Intellectual Property Status: According to our IP-friendly policy, this plasmid is sold free of reach-through rights on any derivatives you may create.

Transcription Termination: This plasmid contains three alternative transcription terminators for mammalian, bacterial and bacteriophage (T7) expression. This means that only the promoter needs to be changed to alter the expression system you are using. We sell multiple promoters that can be used in each of these systems. The presence of each terminator does not reduce expression in the alternative systems.
                                    
Quality Validation: This vector has been demonstrated to secrete reporter genes in T7 expressing bacterial cells. The start codon of these reporters was positioned within the NcoI site and the stop codon was positioned within the XbaI site.
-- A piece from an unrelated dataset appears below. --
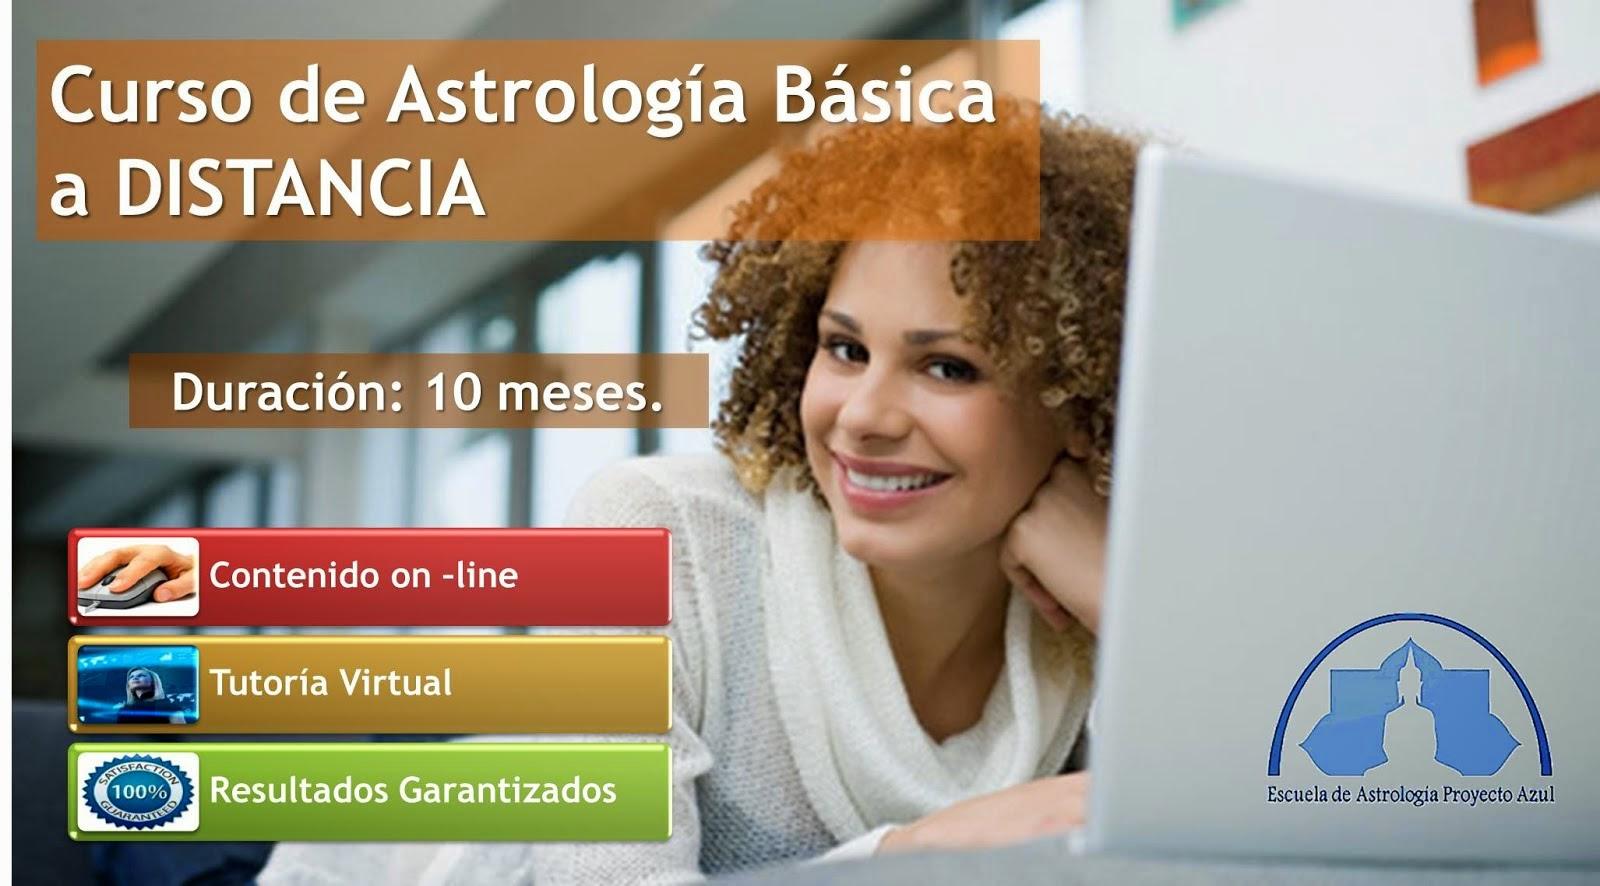 Curso de Astrología a Distancia

Quality Sequencing Analysis: This vector has been fully sequenced using primers F1-F10. The sequences and details of these primers are available through our website.

Genetic Modifications to standard parts:

  • KanR cassette – This KanR resistance region is not a wild type sequence, it has been modified to remove all restriction sites that conflict with the SnapFast system and to retain a high level of antibiotic resistance. It has been validated in E.coli.

Restriction site notes:

  • Bgl2, KpnI, SwaI and PmeI each cut the vector at two sites positioned to flank the promoter, start codon, origin, and KanR, respectively.
  • BsgI and BseRI recognise non-palindromic DNA sequences and cleave upstream of their recognition sites, within the stop codon that is found inside the XbaI restriction site.